Он крепко пожал мне руку, и мы отправились выпить коктейль. По дороге мы разговорились. Я только теперь понимаю, до чего мало знаю о жизни Томми — только что он художник и что Тельма — его сестра.

Хотя я и собиралась рассказать Томми обо всем, что происходило в моей жизни, и сделать его чем-то вроде отца-исповедника, теперь, встретившись, почему-то не захотела.

Смешно, но с самого начала нашей встречи я поняла, что Томми вовсе не влюблен в меня. И это меня нисколько не расстроило! Он наговорил мне кучу комплиментов, а я спросила, как насчет типа моей внешности?

Он усмехнулся и сказал:

— Я подумаю и сообщу тебе через день-другой.

Я вижу, что он искренне считает, что я совсем не изменилась, разве что стала пользоваться косметикой. Да и мне он кажется все таким же скрытным и немногословным, как тогда, в Париже. И хотя мы последние несколько дней провели вместе, не скажу, что сумела узнать его хоть чуточку лучше.

Большинство моих друзей произвели на него самое ужасное впечатление, и это очень печально. Мона тоже не понравилась. Я-то думала, они прекрасно поладят. Полюбопытствовав, почему она не пришлась ему по душе, я услышала:

— Когда я хочу, чтобы передо мной кто-то позировал, то плачу за это деньги.

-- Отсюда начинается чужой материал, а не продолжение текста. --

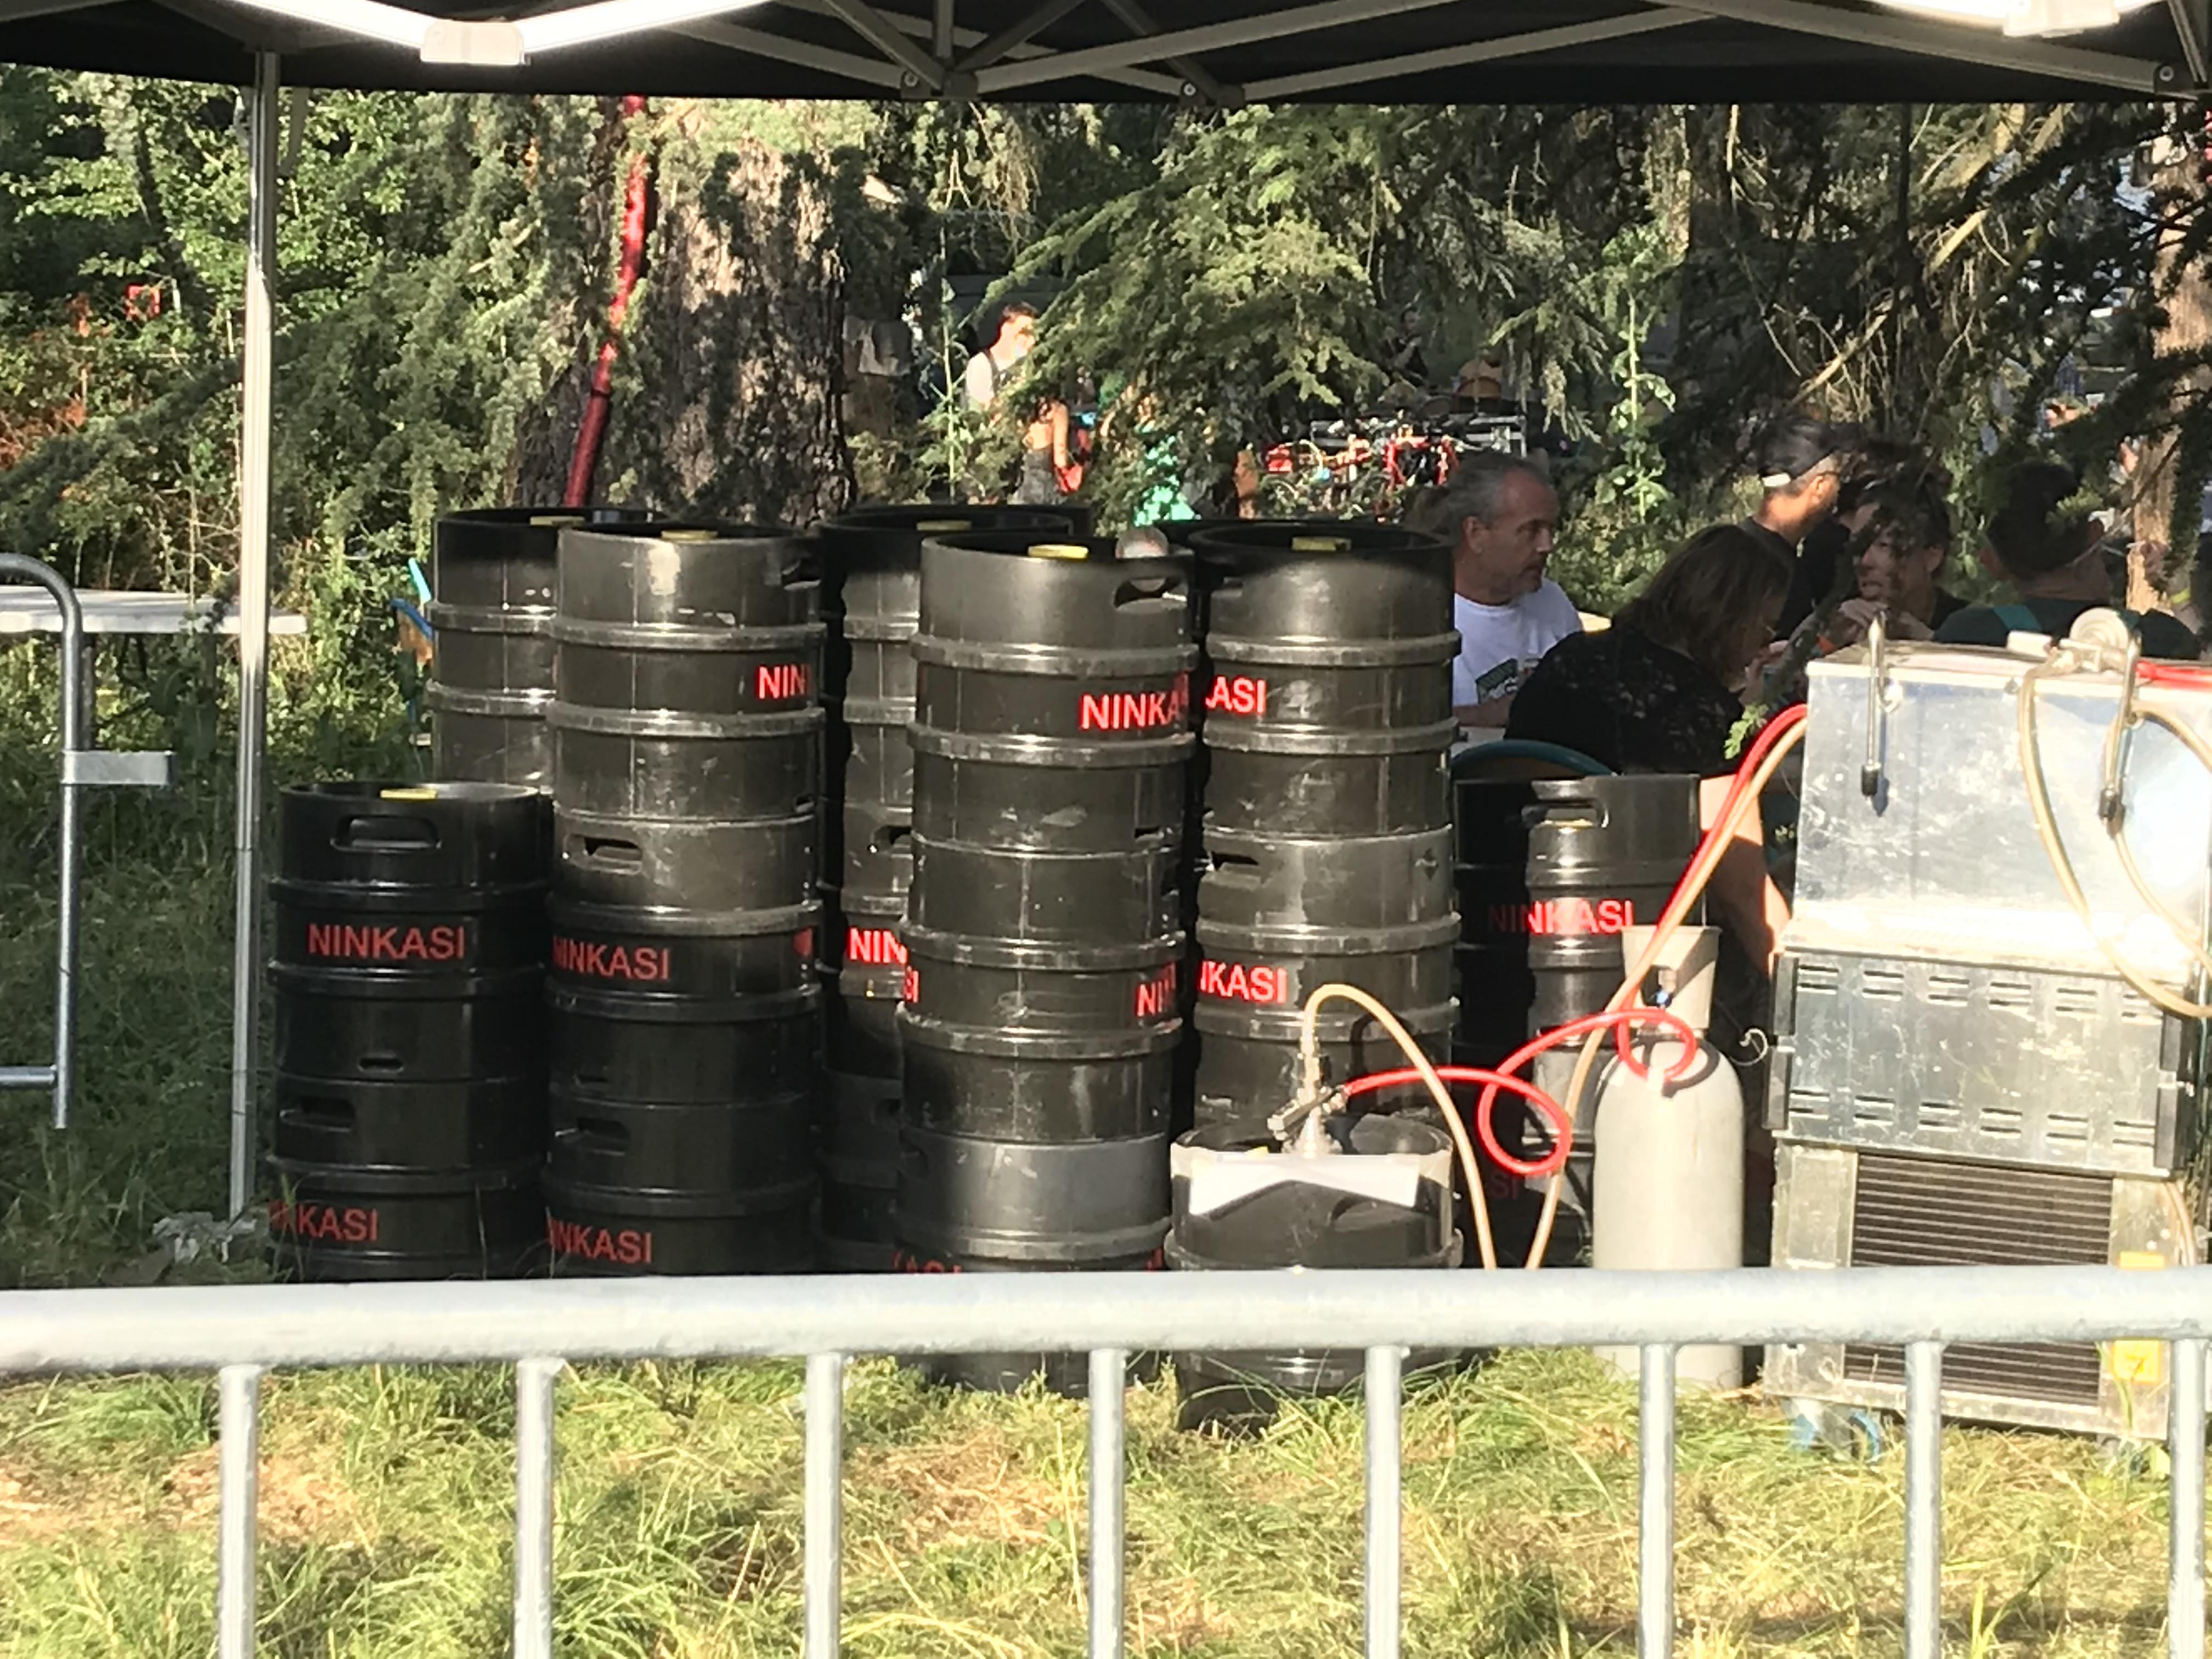 en extérieur, on a aussi besoin d'une bière fraîche… et c'est compliqué quand les fûts noirs se trouvent au soleil !

Тетушка Дороти невысокого о нем мнения — могу с уверенностью утверждать. Внешне это никак не выражается — она одинаково любезна со всеми молодыми людьми. Но я знаю — ее ошеломляют его одежда и американское произношение. В Париже я вообще не замечала акцента Томми, а теперь мне он кажется просто вопиющим. Наверно, из-за того, что я постоянно нахожусь в исключительно английской среде.

Томми обедал у нас вчера вечером, после чего мы отправились на вечеринку. Нас, конечно, взяла тетушка Дороти. В самый разгар веселья он шепнул мне на ухо:

— Я не в силах все это терпеть, Максина. Позвоню тебе утром.

И ушел, прежде чем я успела возразить что-нибудь.

По-моему, это не очень вежливо с его стороны, ведь я так старалась развлечь его и познакомить со всеми своими друзьями. В итоге получилось, что в нашей компании недостает мужчины, а это уже непростительно.

Впрочем, нет худа без добра, и теперь я знаю, что ошиблась, думая, будто в один прекрасный день смогу выйти за Томми замуж.

* * *

Вчера утром я довольно поздно вернулась с верховой прогулки.

День выдался чудесный, и я не торопилась вернуться домой, хоть и помнила о назначенной встрече с Томми. Думаю, с ним ничего не случится, если он немного подождет.

Не хочу показаться чересчур самолюбивой, но мне кажется, что Томми обращается со мной весьма небрежно, учитывая, до чего милы и внимательны ко мне окружающие.

Он привык все делать по-своему, исходя из собственных интересов; ему ничего не стоит не выполнить обещанного. Как-то раз я целый день прождала его телефонного звонка. Он позвонил лишь к вечеру.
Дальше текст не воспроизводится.